# Free web domains/site?



## TylerF (Jan 16, 2010)

Hi, I'm looking to set up a website to post my photos on and direct people (possible clients) to. I want something better than myspace or flickr or a blog. I don't need anything fancy. Is there anywhere where I can have a site dedicated to my photography but not have to pay for the domain?

Thank you


----------



## Nanogeek815 (Jan 16, 2010)

Ive been looking for the same, anybody know of anything?


----------



## HikinMike (Jan 16, 2010)

You have to spend some money to make money. If you have no skills in web design, I suggest looking at Smugmug. You can customize your site and they have a great help forum.


----------



## TylerF (Jan 16, 2010)

Thanks. I'll look into it. I know there's some domains other than .com u can use for free


----------



## K.Li (Jan 16, 2010)

There are free domains but they all come with loads of ads and a tag in the url address. 

And it would never look professional enough for people to trust you.

edit: domains nowadays are pretty cheap anyway.


----------



## TylerF (Jan 17, 2010)

Ok thanks! I will look into it.


----------



## bburzycki (Jan 17, 2010)

It's the best and probably most important 9 bucks you will ever spend when it comes to basic marketing...

and with go daddy being dirt cheap for hosting you can get it all there..

I resell their domains and its just dirt cheap.. I cannot touch it even running my own servers as I do....


----------



## craig (Jan 17, 2010)

If you plan on charging for your photography then plan on paying for a website and or domain. The "not having to pay" attitude is very unprofessional. Takes money to make money.

Love & Bass


----------



## Sachphotography (Jan 17, 2010)

If your wanting a decent website. I own a webdomain. Pazilla 
We are in the process of creating premium accounts and will allow for the user to have a dedicated website...IE... .pazilla/TylerF We are working on the design right now but that would be a good free option for you


----------



## TylerF (Jan 17, 2010)

I understand that it takes money to make money.

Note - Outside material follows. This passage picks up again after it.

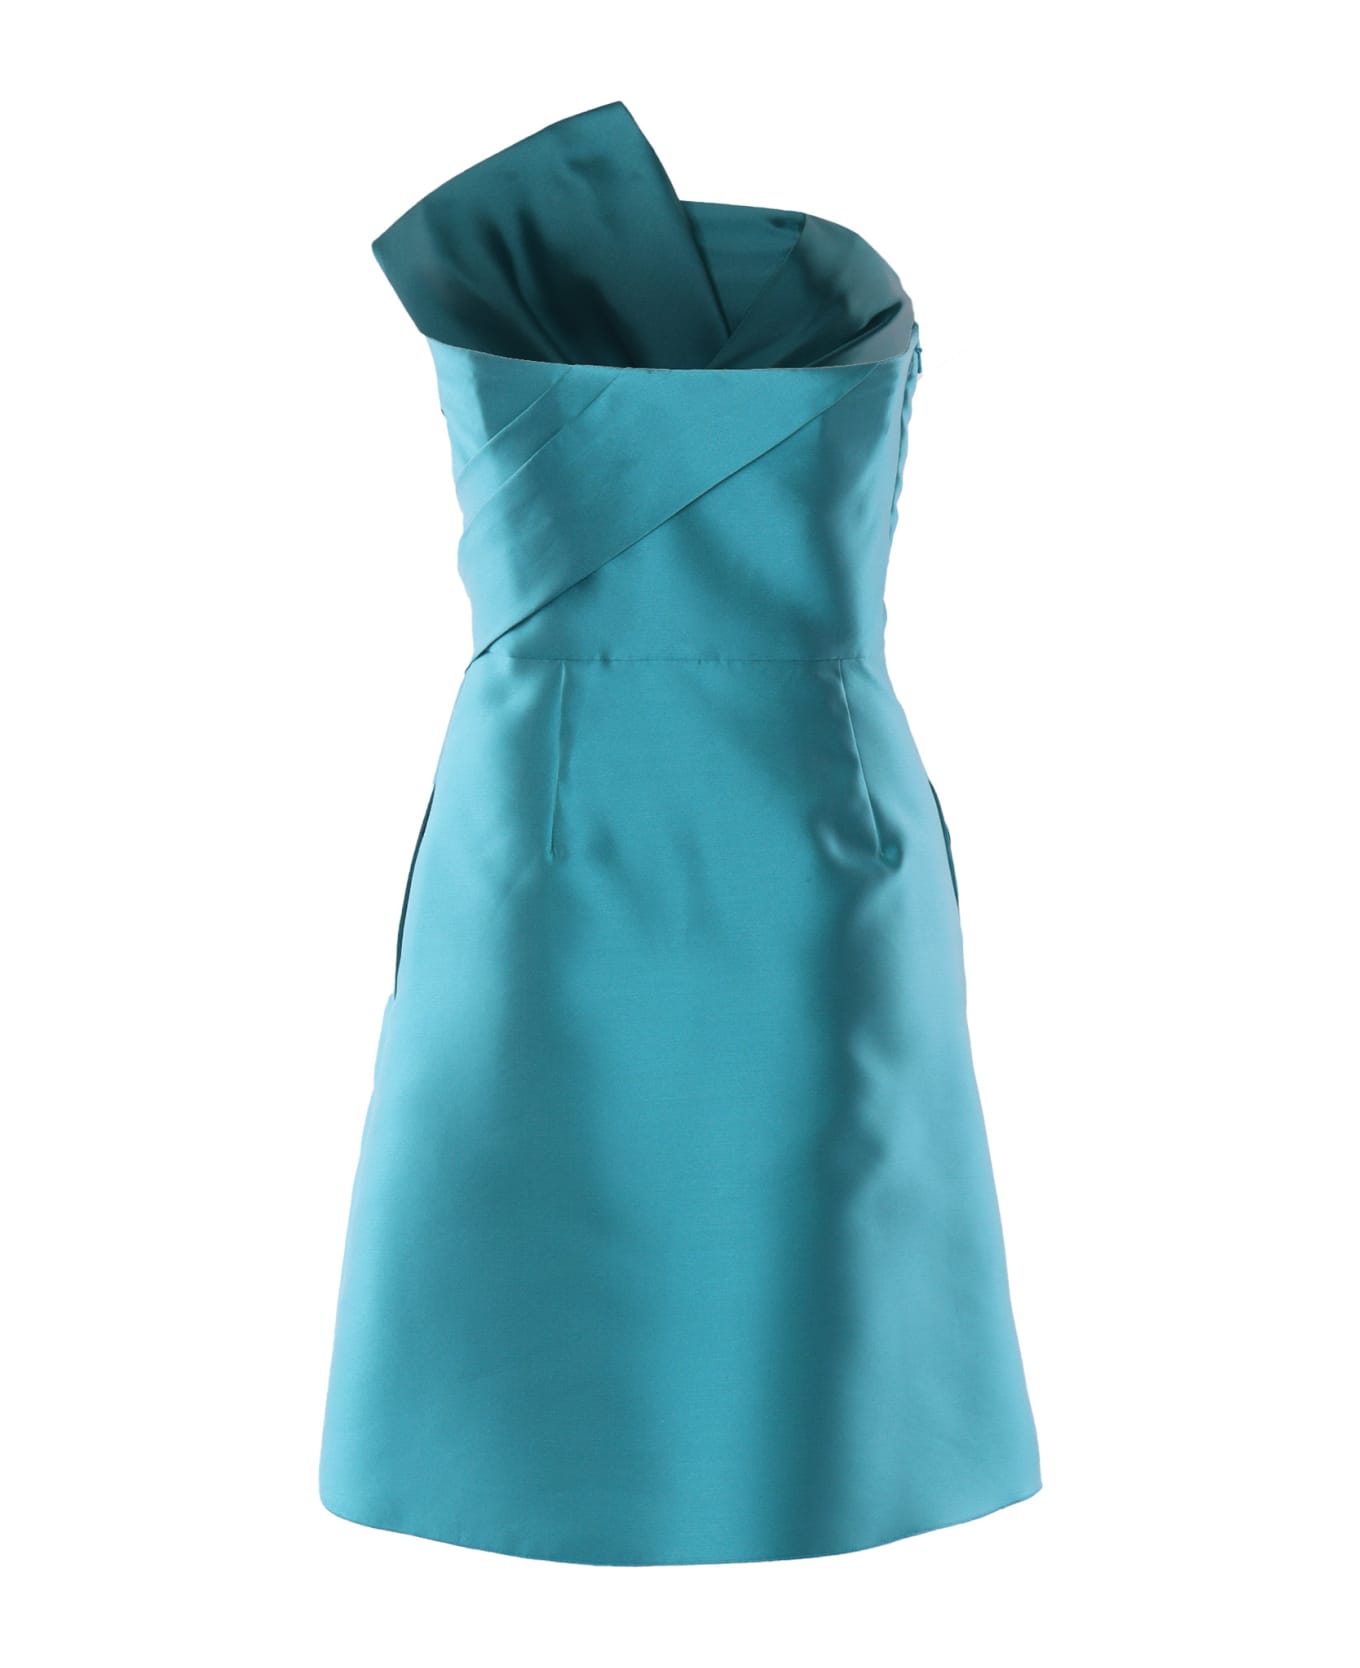 Alberta Ferretti Short Turquoise Dress - LIGHT BLUE ニットウェア

But I'm not 100% sure if I can make money through photography if that makes sense.


----------



## bburzycki (Jan 17, 2010)

Then simply use a service from MS or Flickr and get our photos up for people to see.. Flickr is a great starting point for many and has launched some into busienss becase of the avid audience the site already contains..

Plus if you suck they will be happy to tell you and that sort of feedback is hard but very important.


----------



## HikinMike (Jan 17, 2010)

bburzycki said:


> Then simply use a service from MS or Flickr and get our photos up for people to see.. Flickr is a great starting point for many and has launched some into busienss becase of the avid audience the site already contains..
> 
> Plus if you suck they will be happy to tell you and that sort of feedback is hard but very important.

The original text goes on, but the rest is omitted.